## The input
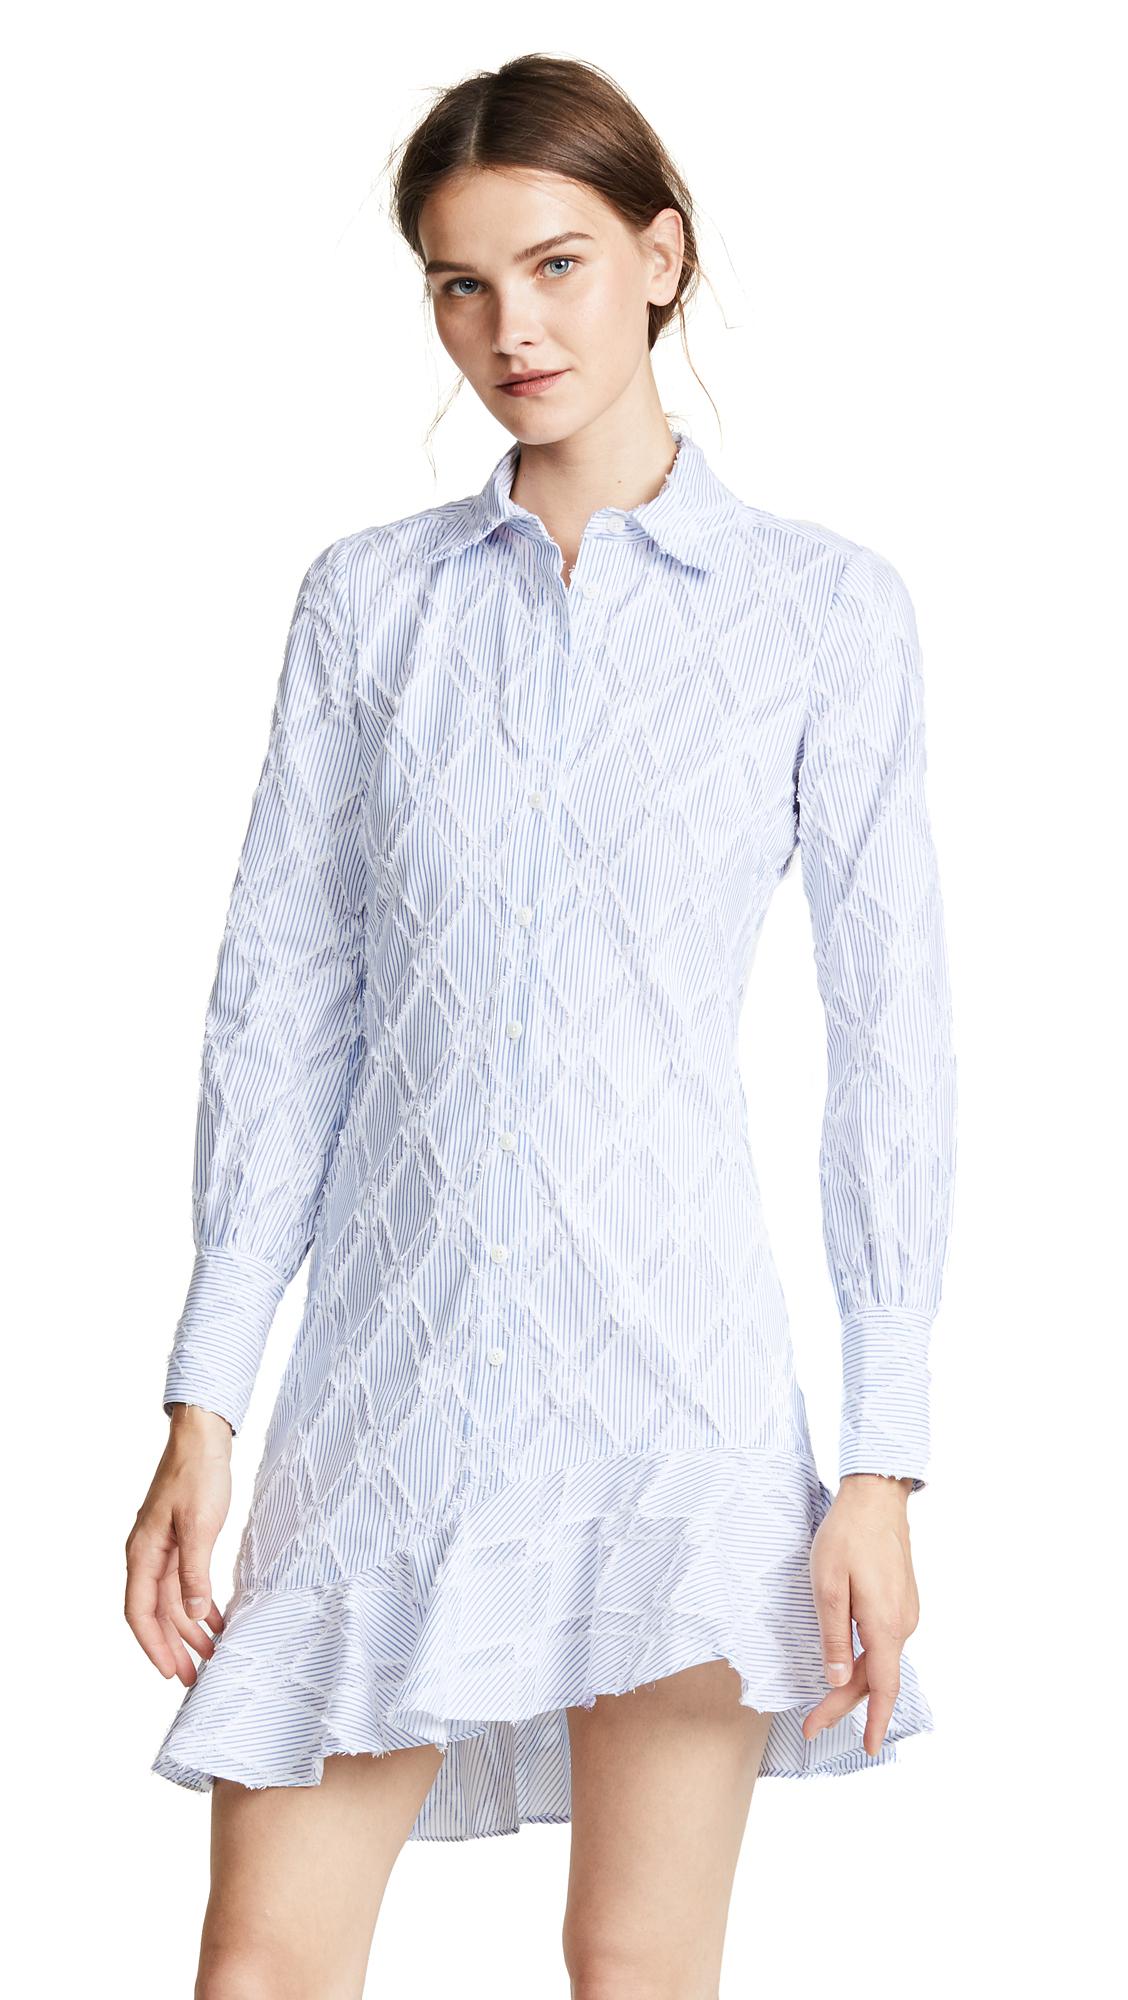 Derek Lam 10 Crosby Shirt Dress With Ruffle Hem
* * *
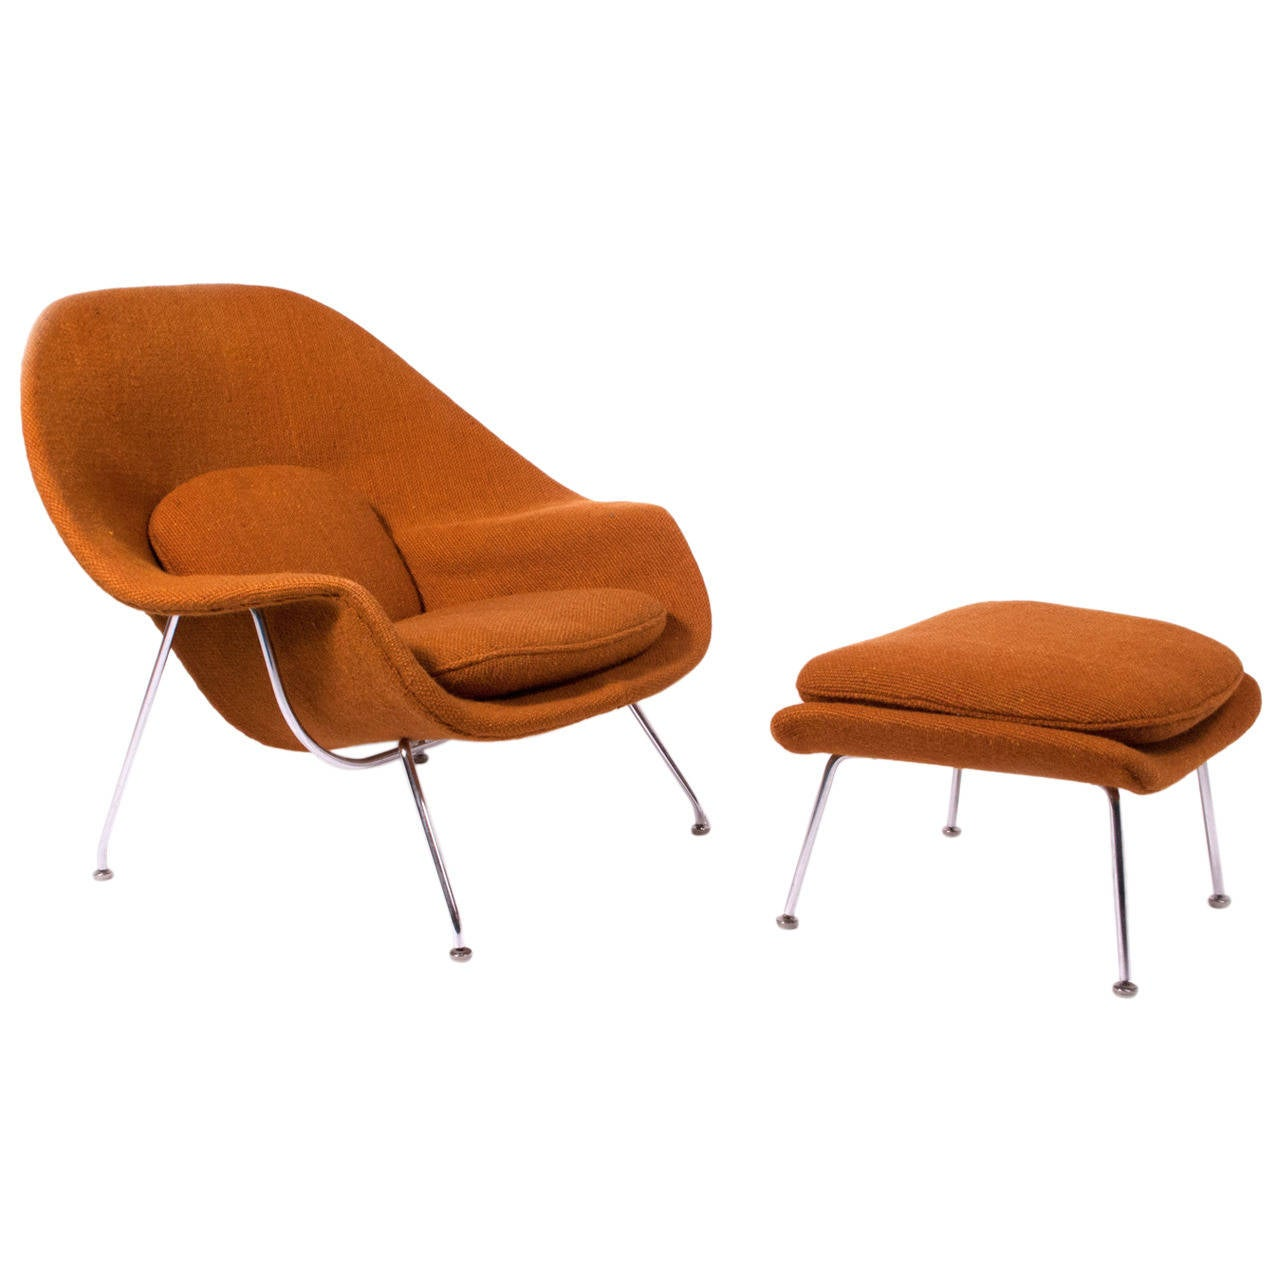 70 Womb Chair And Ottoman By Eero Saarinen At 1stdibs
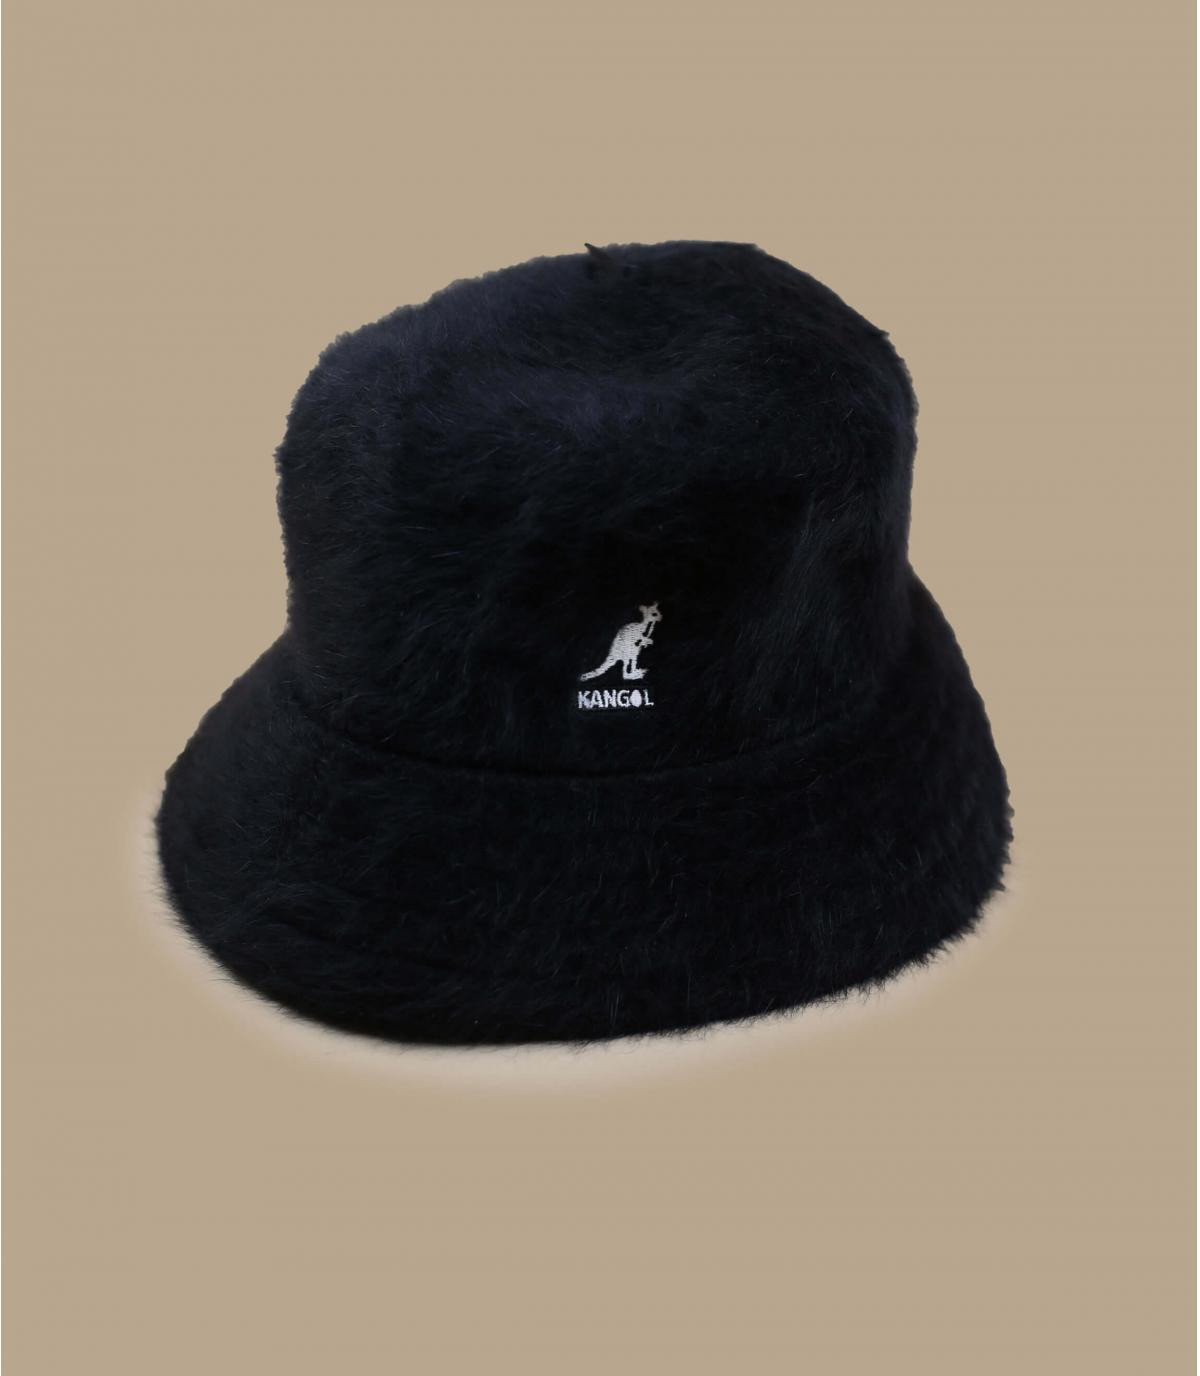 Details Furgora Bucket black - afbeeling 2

## Assigned task
Write out the lines above from the one with "70 Womb Chair" through the one with "Details Furgora Bucket black - afbeeling 2", ends included, exactly; no picture goes in.

## Output below
 70 Womb Chair And Ottoman By Eero Saarinen At 1stdibs
 Details Furgora Bucket black - afbeeling 2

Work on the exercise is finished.